Vaststellingsovereenkomst: eindigt het recht op alimentatie?
Samenlevingsovereenkomst met clausule. Bij de Hoge Raad speelde recentelijk de volgende zaak. Jaap en Thea wonen samen en hebben daarvoor bij de notaris een samenlevingsovereenkomst getekend. Daarin staat dat ingeval de overeenkomst eindigt anders dan door overlijden, aan de rechter zal worden verzocht om vast te stellen of een van de (ex-)partners in aanmerking komt voor alimentatie. De rechter dient daarbij uit te gaan van de wettelijke regeling zoals deze van toepassing zou zijn geweest indien Jaap en Thea in algehele gemeenschap van goederen zouden zijn gehuwd.
Vaststellingsovereenkomst
Als Jaap en Thea uit elkaar gaan, wordt er een vaststellingsovereenkomst opgesteld. Daarin staat dat Jaap verplicht is om € 275.000 te betalen als afkoop van de partneralimentatie. Jaap dient dit bedrag af te storten voor een door Thea af te sluiten lijfrentepolis.
Afkoopsom te laag? Enkele jaren later vindt Thea het bedrag dat ze als afkoopsom heeft ontvangen veel te laag. Frits is inmiddels een succesvol ondernemer. Daardoor zijn diens vermogen en inkomen met sprongen vooruitgegaan, terwijl haar inkomen al die tijd hetzelfde is gebleven.

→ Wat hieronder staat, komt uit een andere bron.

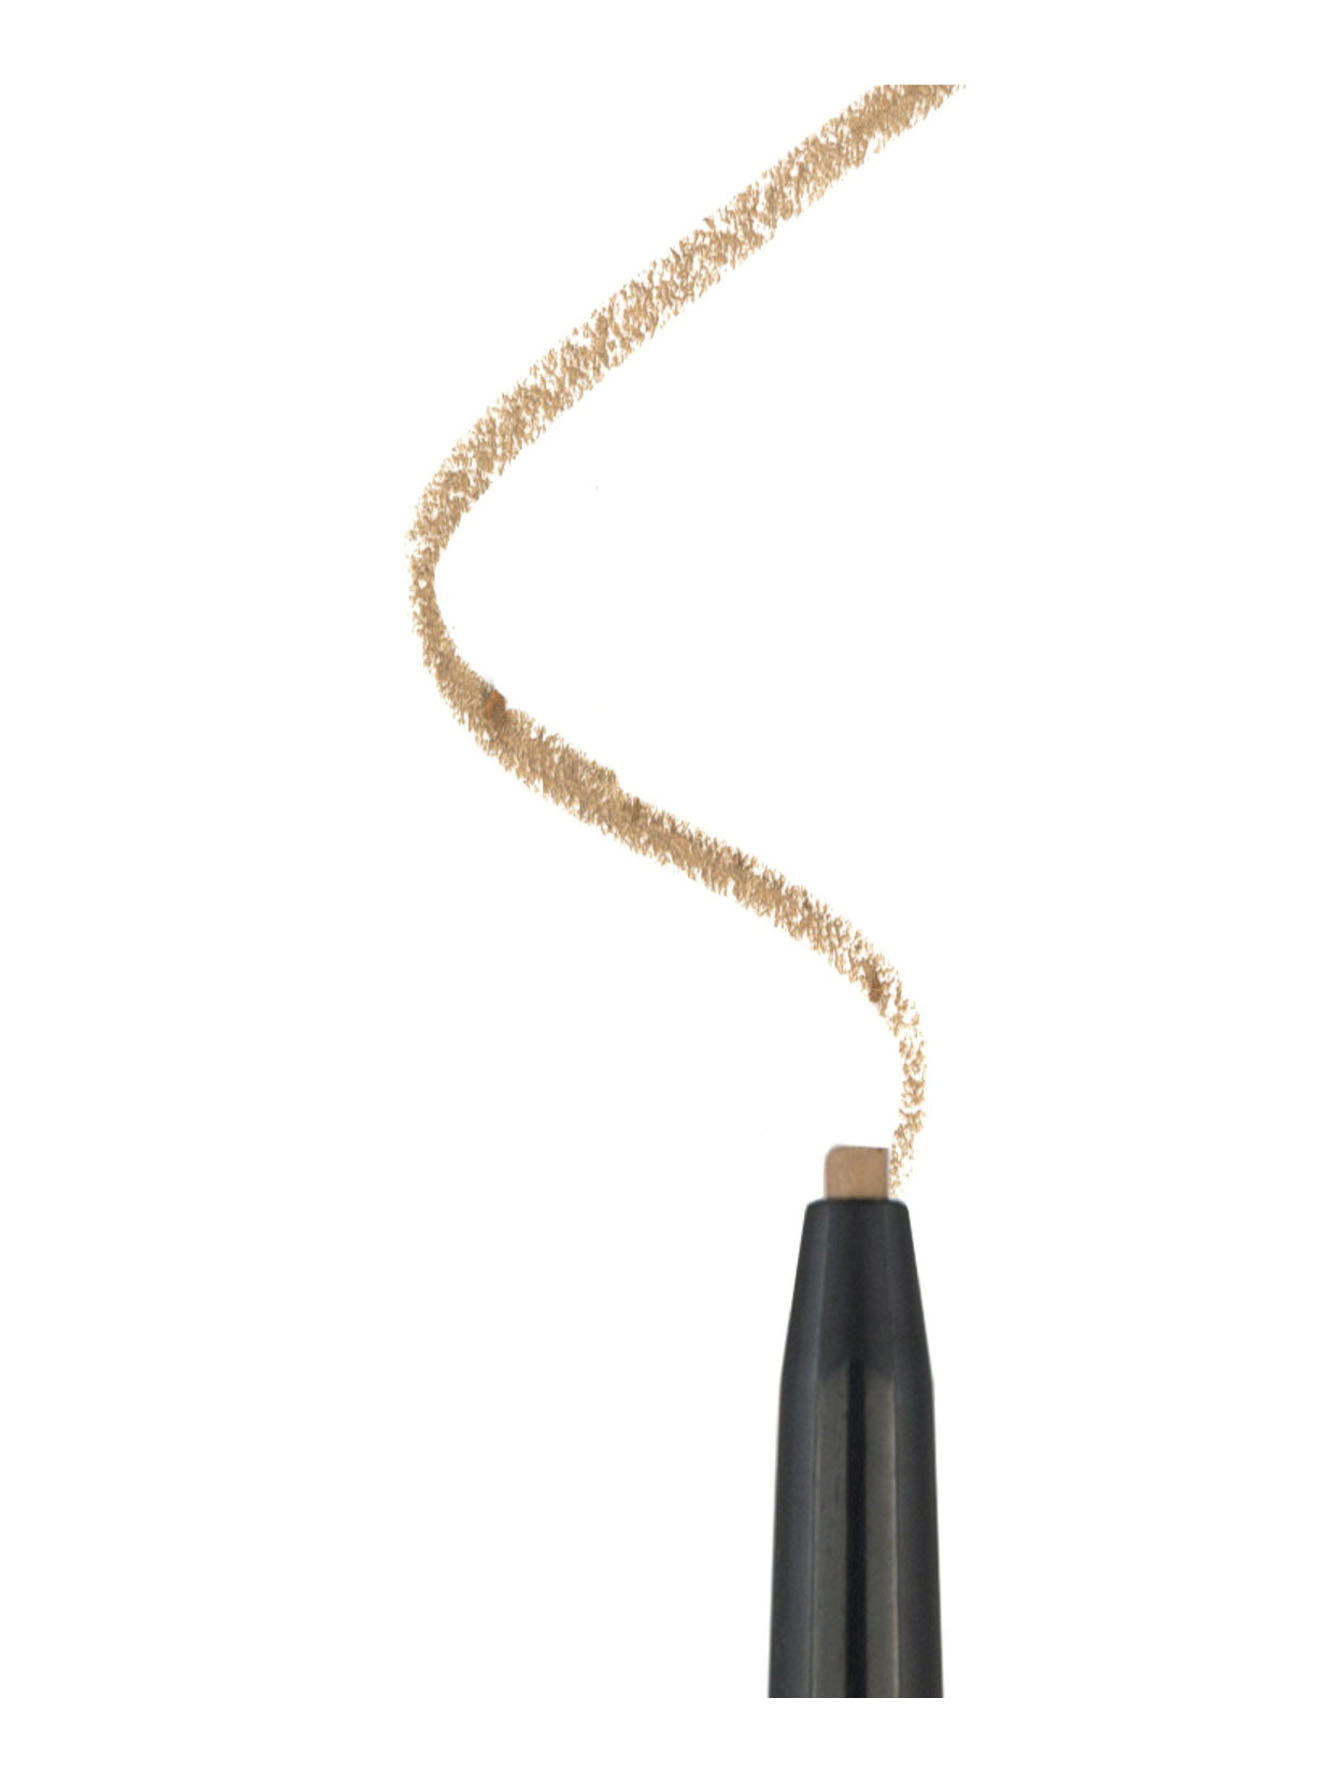 Ультратонкий водостойкий карандаш для бровей Brows on Point, светло-коричневый - Обтравка1

Gewijzigde omstandigheden. Thea stapt naar de rechter voor een hogere alimentatie. In de vaststellingsovereenkomst is geen bepaling opgenomen die zegt dat de alimentatie door de rechter niet kan worden gewijzigd op basis van gewijzigde omstandigheden (art. 1:159 lid 1 BW) . Naar maatstaven van redelijkheid en billijkheid kan Thea niet meer aan de gemaakte afspraken worden gehouden. Dat betekent dat de rechter de alimentatie anders kan vaststellen (art. 1:159 lid 3 BW) .
Oordeel Hoge Raad
Alles rechtsgeldig. Helaas voor Thea (en gelukkig voor Jaap) ziet de hoogste rechter (ECLI:NL:HR:2021:275) dat anders. Hij stelt vast dat er een rechtsgeldige vaststellingsovereenkomst tot stand is gekomen. Op basis daarvan is overeengekomen dat Jaap een bedrag ineens betaalt om aan zijn alimentatieverplichting te voldoen en dat Thea verder afziet van partneralimentatie.
Voorkomen van onzekerheid. Een vaststellingsovereenkomst wordt gesloten met als doel om bestaande en toekomstige onzekerheid te voorkomen of te beëindigen. Bij vaststelling van de hoogte van het overeengekomen bedrag wordt met deze onzekere toekomstige gebeurtenissen rekening gehouden.
Einde oefening. Vanaf de datum dat de overeenkomst is gesloten, heeft Thea geen recht meer op alimentatie. Dat betekent dan ook dat het niet meer mogelijk is om bij de rechter een verzoek in te dienen tot wijziging van dat recht op partneralimentatie. Of Jaap en Thea daarbij in de vaststellingsovereenkomst al dan niet een niet-wijzigingsbeding hebben opgenomen, is daarbij niet van belang. Er valt niets te wijzigen, want het recht op partneralimentatie is geëindigd. De rechter wijst de claim van Thea resoluut af. Weet dus dat de hoogte van het alimentatiebedrag achteraf niet meer kan worden gewijzigd. Dat is ook het geval als er in de vaststellingsovereenkomst of in het echtscheidingsconvenant nergens staat dat de afspraken niet kunnen worden aangepast.